* [Goal of the exercise]:
All of the listing, from first line to last, should be output exactly; the pictures stay out.

* [Dataset section]:
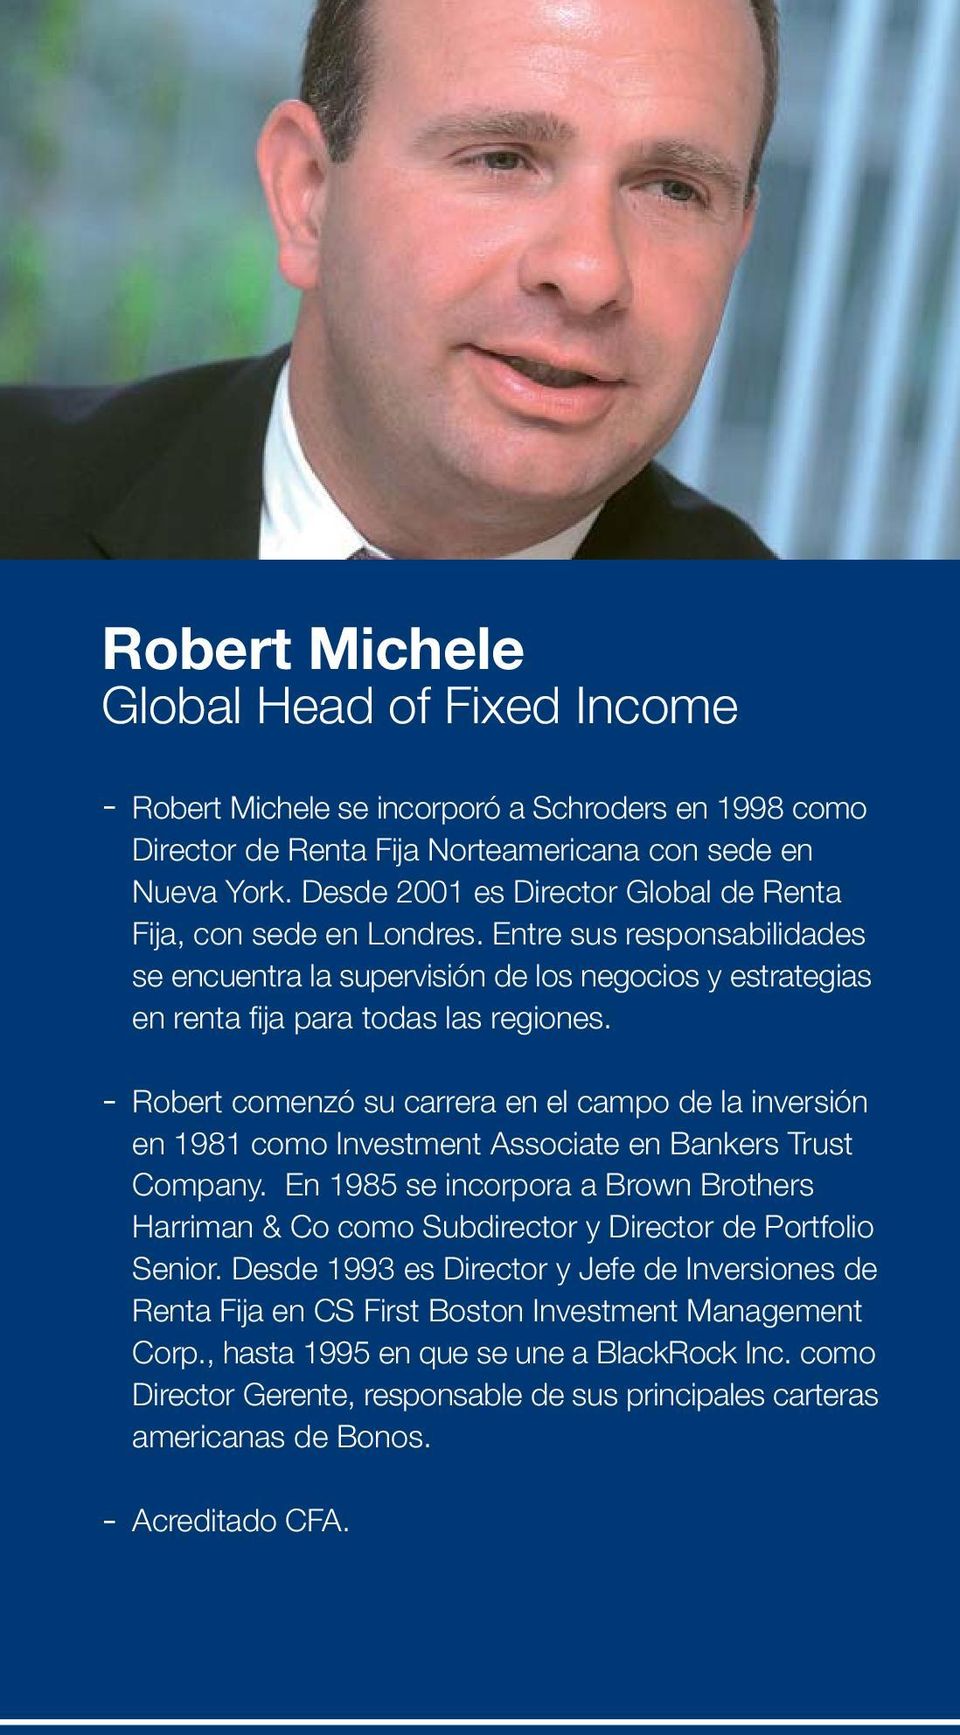 Robert comenzó su carrera en el campo de la inversión en 1981 como Investment Associate en Bankers Trust Company.
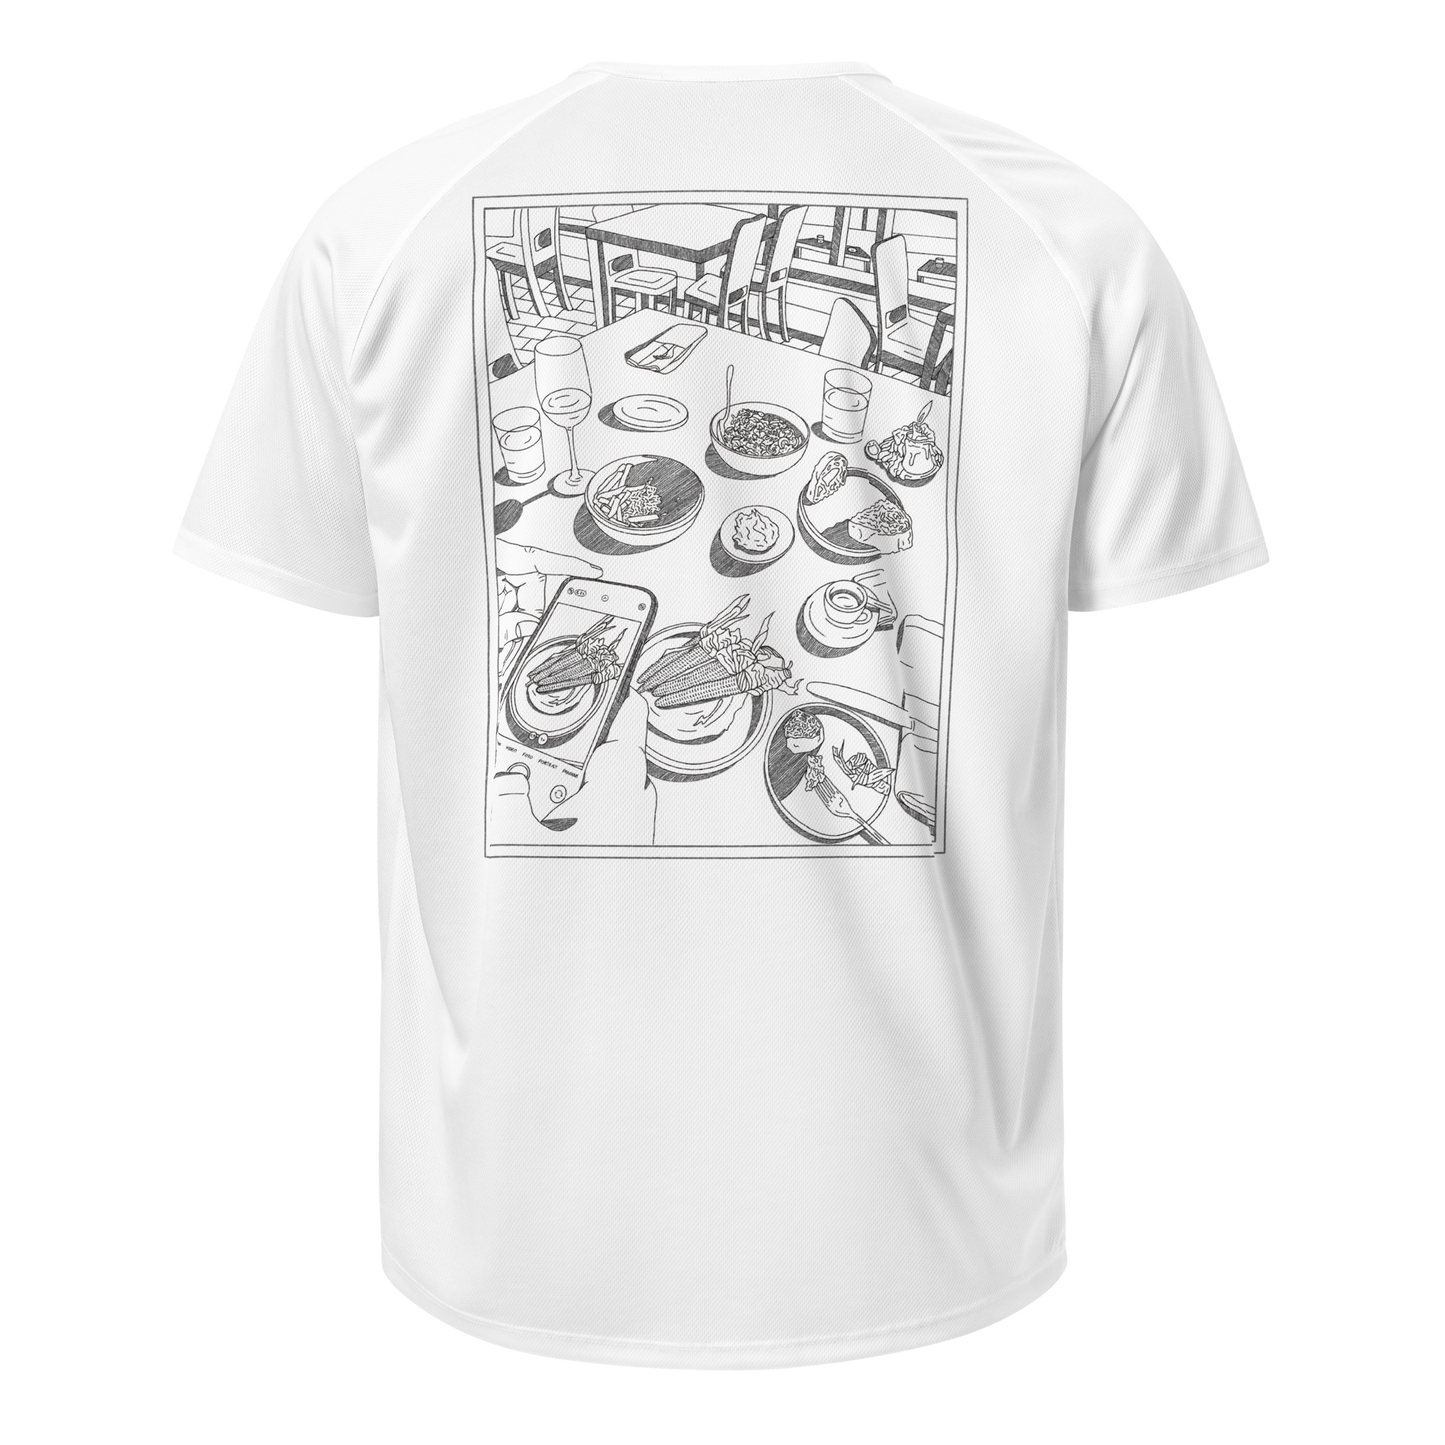 Sports t-shirt Unisex - Dinner White/black
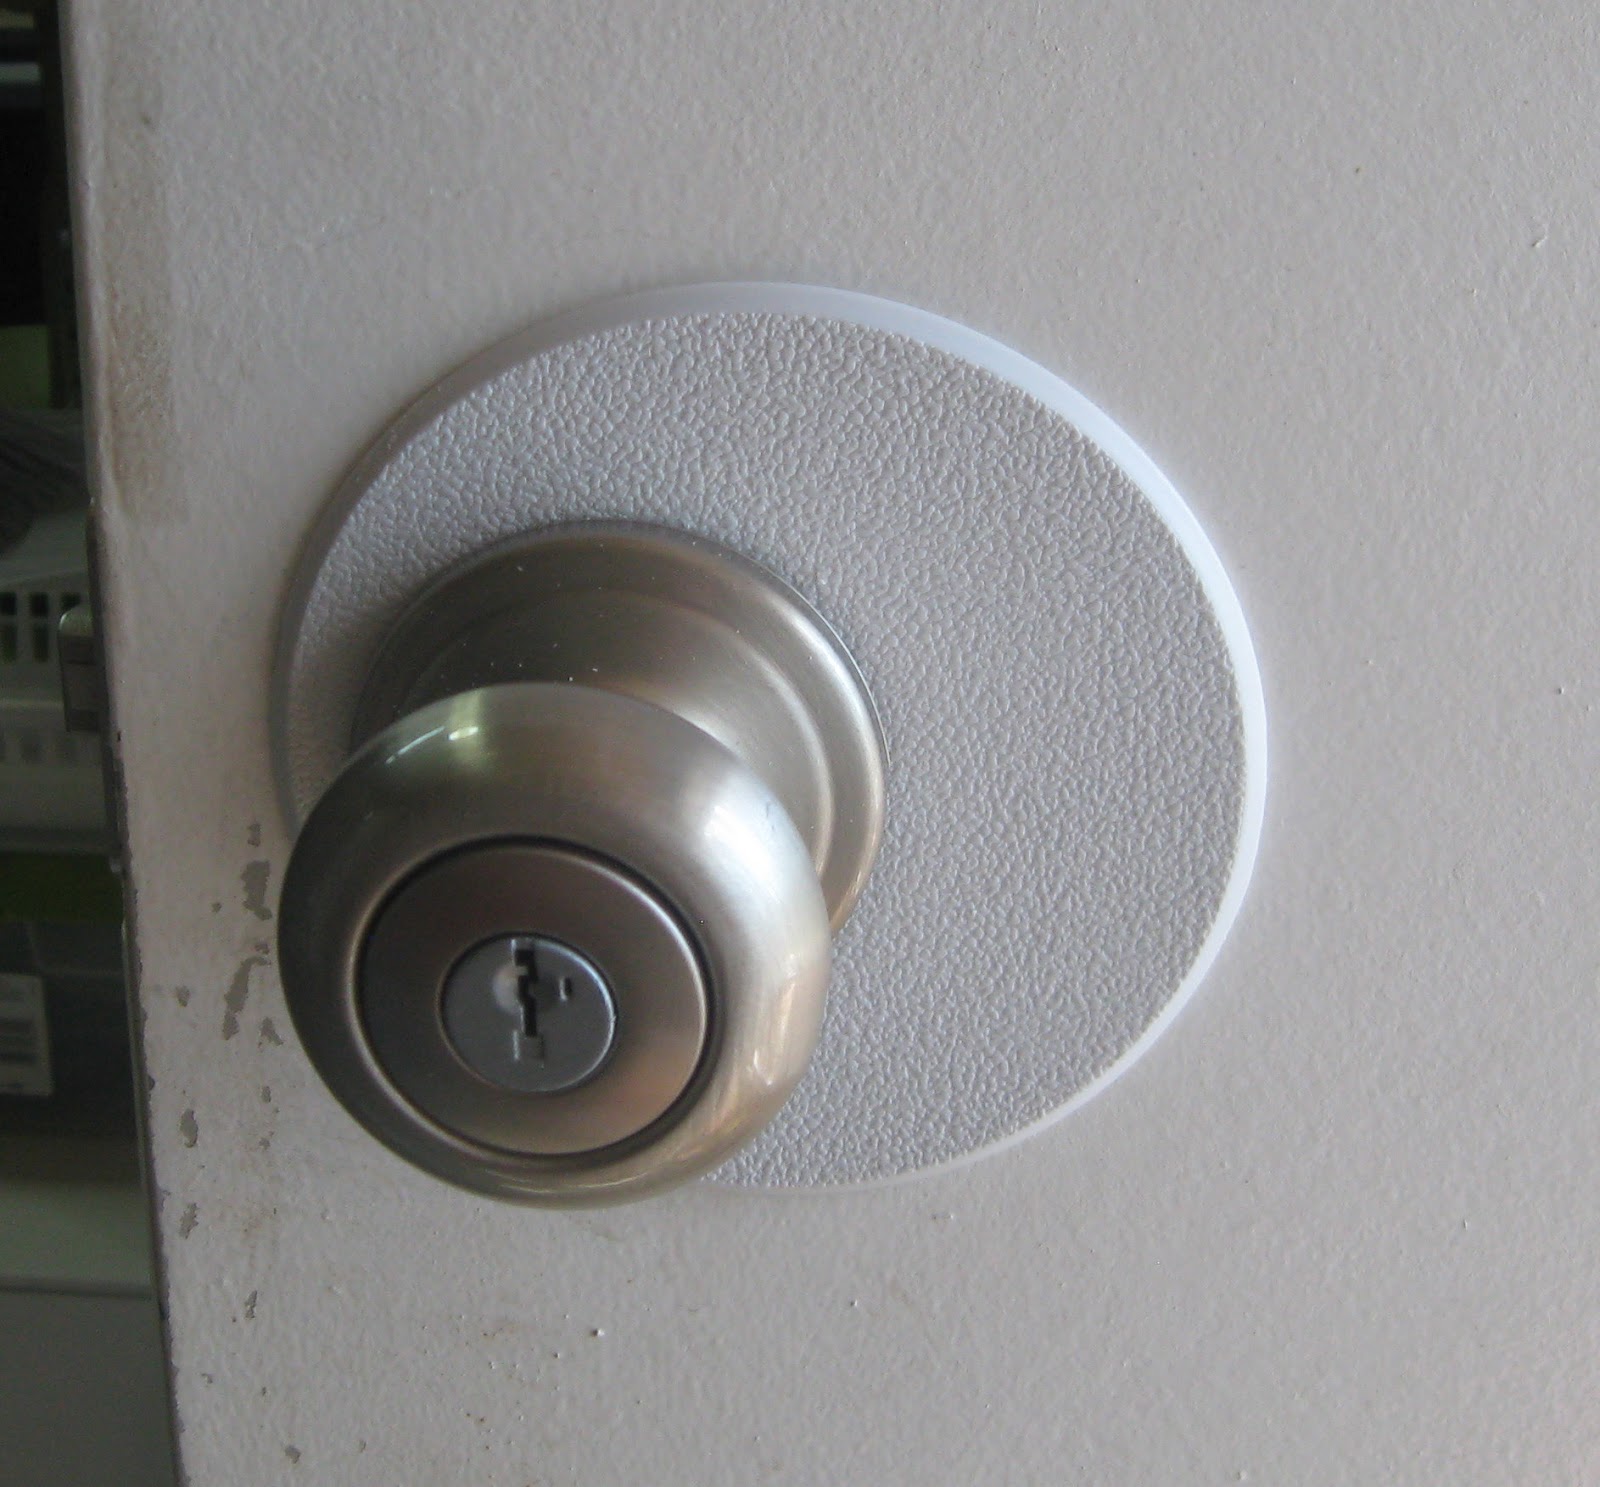 new door knobs photo - 5
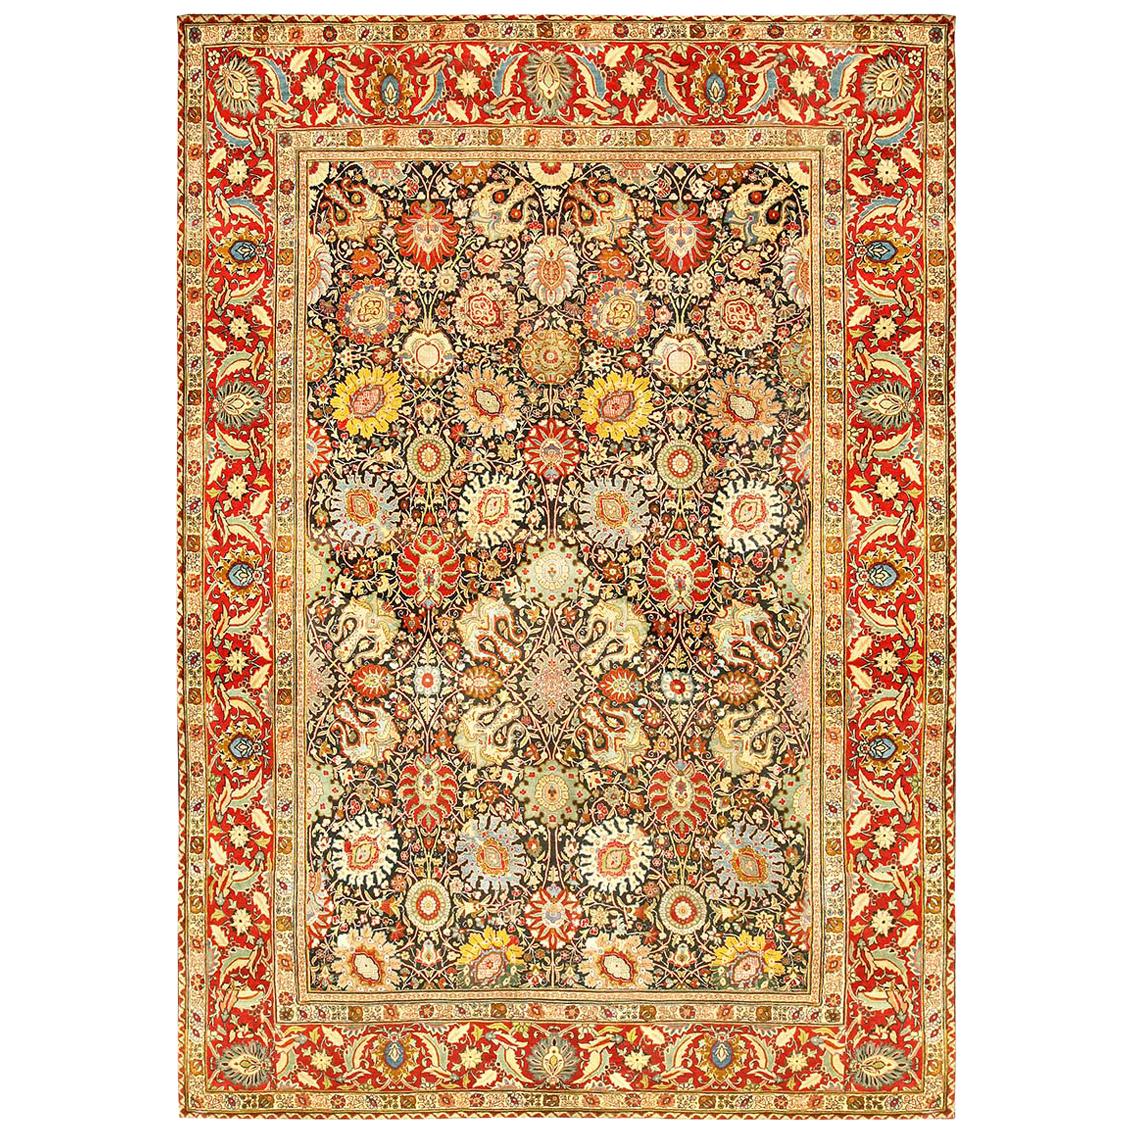 Antique Persian Tabriz Floral Rug Size Adjusted

* [Solution]:
 Robert comenzó su carrera en el campo de la inversión en 1981 como Investment Associate en Bankers Trust Company.
 Sports t-shirt Unisex - Dinner White/black
 new door knobs photo - 5
 Antique Persian Tabriz Floral Rug Size Adjusted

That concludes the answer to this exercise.